Only later, after grandma and grandpa were both dead, did the children find blue chip certificates in bank vaults.
And, my mom, (just like Warren Buffett said), didn’t sell stocks once they were bought. “HOLD.” HOLD EVERYTHING.
Commissions weren’t cheap. Until Schwab came along lowering the sum paid in commissions. PLUS, the added value that the broker would NEVER call you on the telephone with some hot stock tip.
So? Well, so I always knew the “little investor” always paid retail.
Yes, Michael Lewis’ book fascinated me. Besides, my son is a programmer at Google. So, of course, I asked him to read it.
Blame Wall Street all you want.
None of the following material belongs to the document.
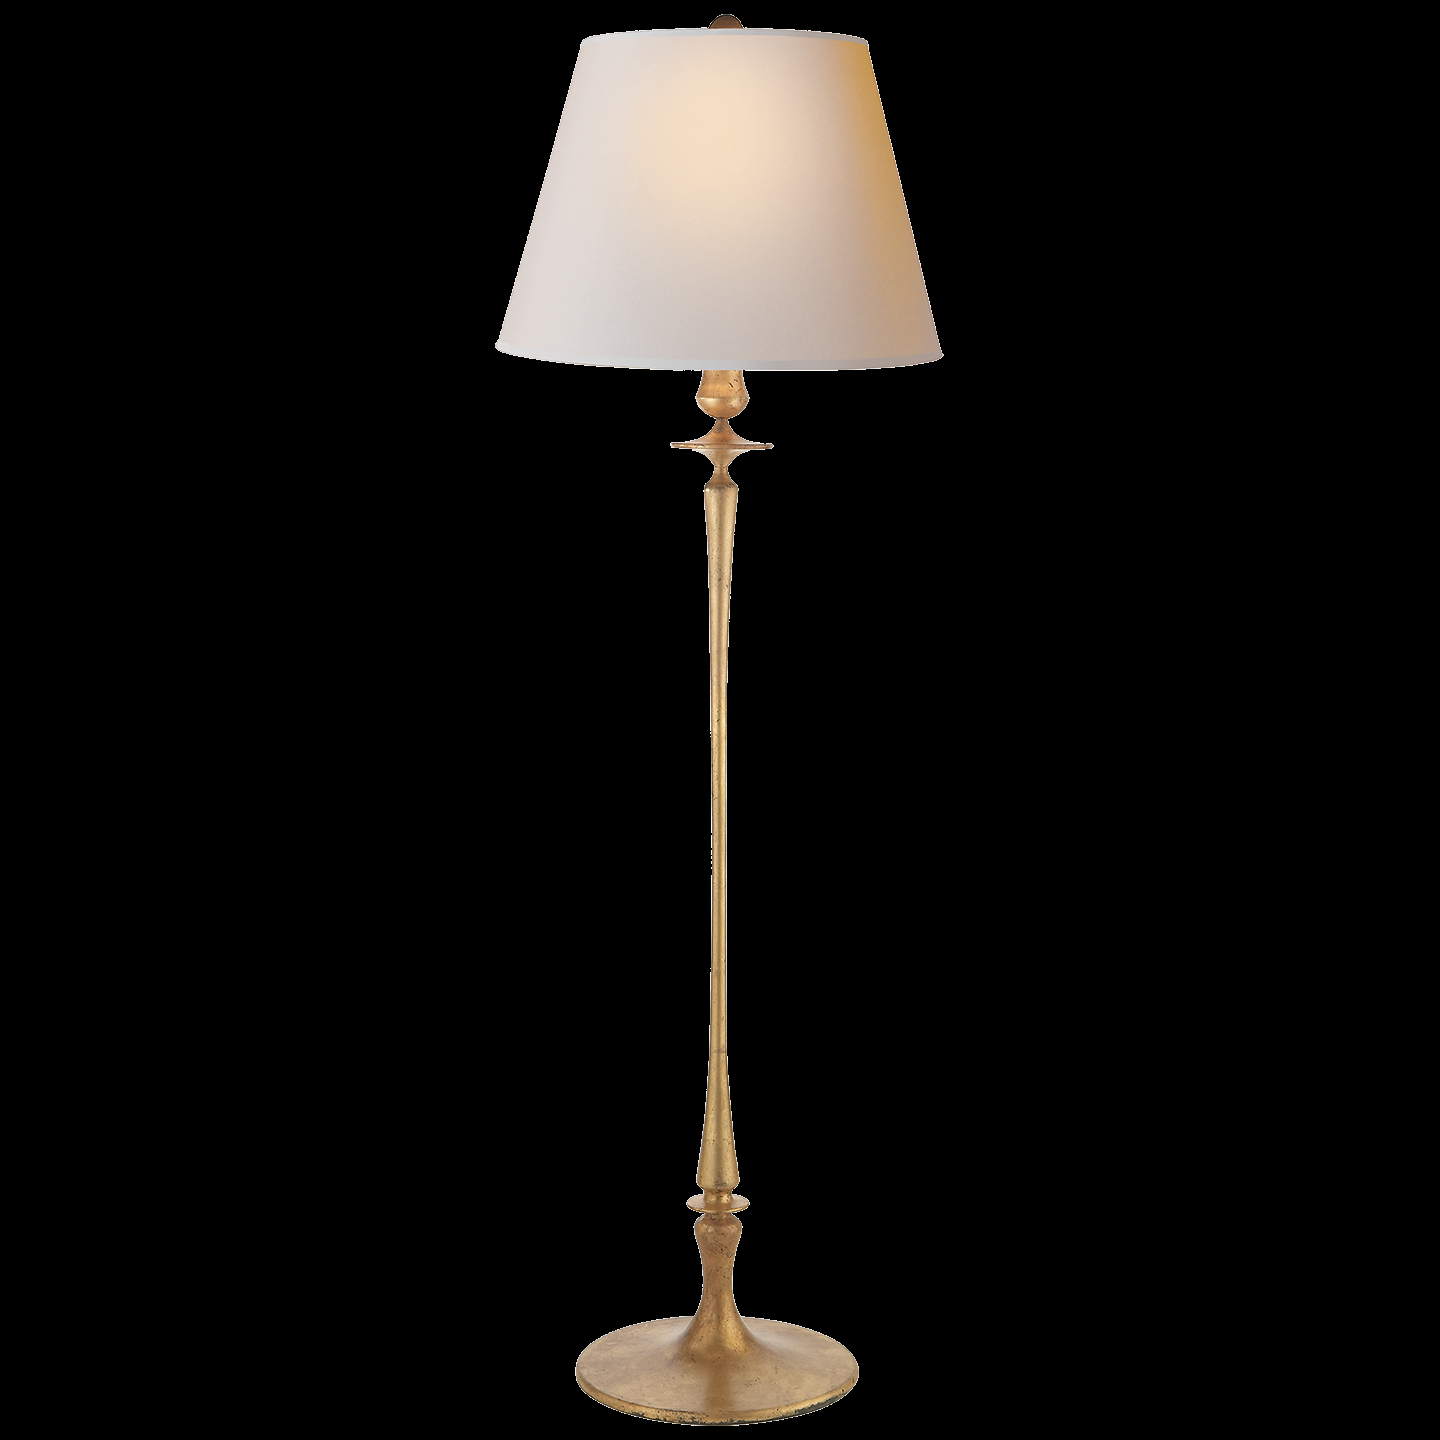 Rome Grande Floor Lamp Jp Mbr In 2019 Decorative Floor within sizing 1440 X 1440

But you can’t get to high speed trading without the kids who can write algorithms. And, even in Lewis’ stories, these programmers are not running around Wall Street “calling their brokers.” If anything they were oblivious to what “speed” brought to trading!
The one sentence that really fascinated me was that brokerages would throw out all their electronic equipment every few months to keep up with all the new stuff that kept pouring out of Apple. And, Microsoft. And, Acer. They were changing their stuff more often than clothes horse women were changing their wardrobes!
Michael Lewis calls these wizards “Flash Boys.” What happens when they leave boyhood behind, and grow up into men?
Dr. Richard Feynmann once said he was so glad he was born when he was. Because science (especially quantum “stuff”) was moving so fast … it was doomed to slow down. And, then? It would get boring.